Germline mutations in PTEN, which encodes a dual-specificity phosphatase, have been found in two related autosomal dominant hamartoma syndromes, Cowden syndrome (CS; OMIM158350) and Bannayan-Ruvalcaba-Riley syndrome (BRR; OMIM153480; refs 1, 2, 3, 4, 5, 6). CS is characterized by hamartomas, including gastrointestinal hamartomatous polyps, and risk of neoplasms of the thyroid, breast, uterus and skin7. BRR has early-onset macrocephaly, hamartomatous polyposis, lipomatosis and speckled penis8. Juvenile polyposis syndrome (JPS; OMIM174900) is an autosomal dominant inherited hamartoma syndrome characterized by the presence of gastrointestinal hamartomatous polyps and an increased risk of gastrointestinal malignancy9. The diagnosis of JPS is made only if features classic for other syndromes are not present.

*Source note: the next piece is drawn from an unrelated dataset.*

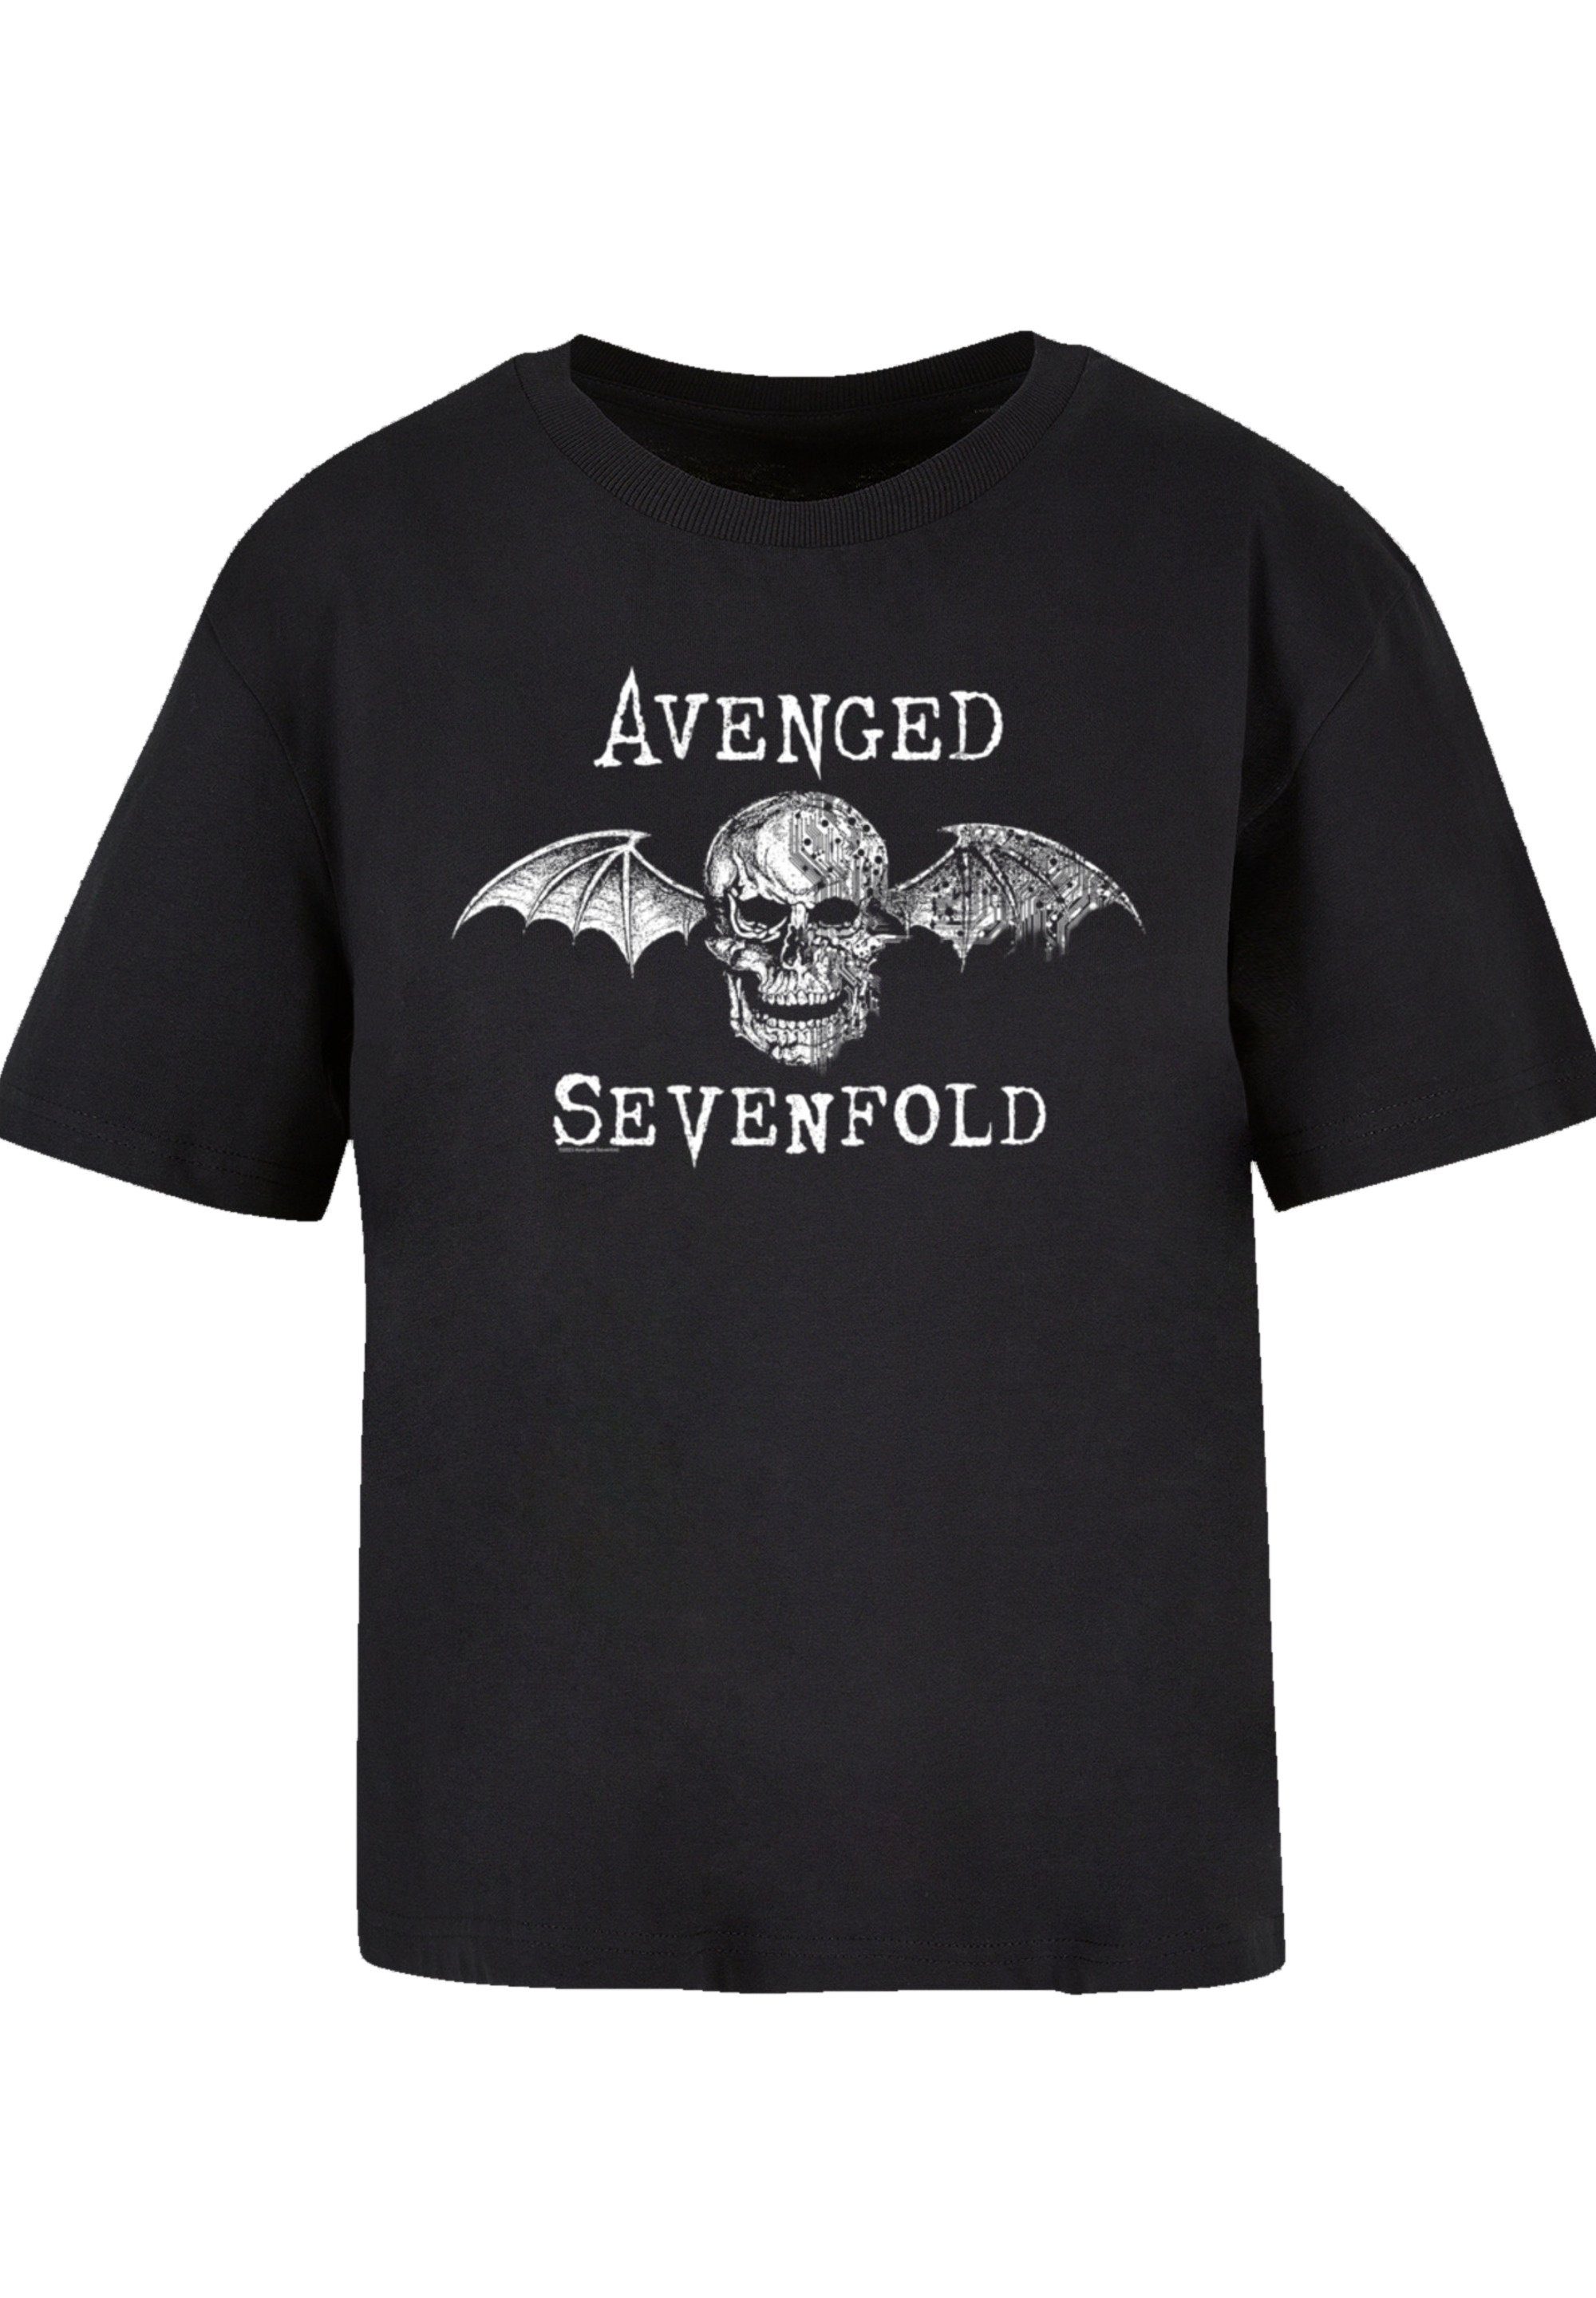 F4NT4STIC T-Shirt Avenged Sevenfold Rock Avenged Premium Bat Offiziell T-Shirt Qualität, Band, Metal Cyborg Sevenfold Rock-Musik, Band lizenziertes

Could PTEN also be the JPS gene? Three groups have found no evidence of germline PTEN mutations in 21 JPS families and 16 sporadic cases10,11,12 and power calculations indicated that if 10% of JPS cases were due to germline PTEN mutations, there should have been a 0.99 likelihood of detecting at least one mutation among these 37 cases. Power calculations notwithstanding, 'negative studies' always raise an uneasy spectre: were these 37 JPS cases the 37 that happen to not carry germline PTEN mutations? A fourth group strived to answer this question13 using a broad operational definition of 'JPS'; all patients who have juvenile polyps were included, irregardless of age or presence of other features. They found three 'JPS' patients with germline PTEN mutations. An adult male (G116) had features highly suggestive of CS, and two children (G796, G710), diagnosed at ages 3 and 14, were reported not to have manifestations of CS or BRR13. The penetrance of CS is well under 10% below 15 years of age14, and so while the children have JPS according to diagnostic criteria, they may develop other features of CS as they age. As phenotypic features may be shared by several hamartoma syndromes and the clinical examination is not always straightforward, specific diagnoses could be difficult. It is important to distinguish the various hamartoma syndromes, as predisposition to cancer or types of cancer may be different among them. We would like to propose that the presence of a germline PTEN mutation is a useful molecular diagnostic sign for CS or BRR (ref. 15). If a 'JPS' patient were found to harbour an occult germline PTEN mutation, then it behooves the clinician to consider CS or BRR as the diagnosis, with full implications for surveillance of the skin, thyroid, breast and uterus for cancer development. With regard to the molecular diagnosis of JPS, help is on its way16. Germline mutations in SMAD4, on 18q21.1, have been found in a subset of familial and sporadic JPS cases. SMAD4 belongs to the SMAD family of genes, which encode cytoplastic mediators in the TGFβ-signalling pathway. Without much extrapolation, one can easily postulate that germline mutations in other SMAD genes could account for the majority of JPS. Only time will tell whether the molecular diagnosis of the inherited hamartoma-cancer syndromes will prove more robust than that based purely on clinical criteria.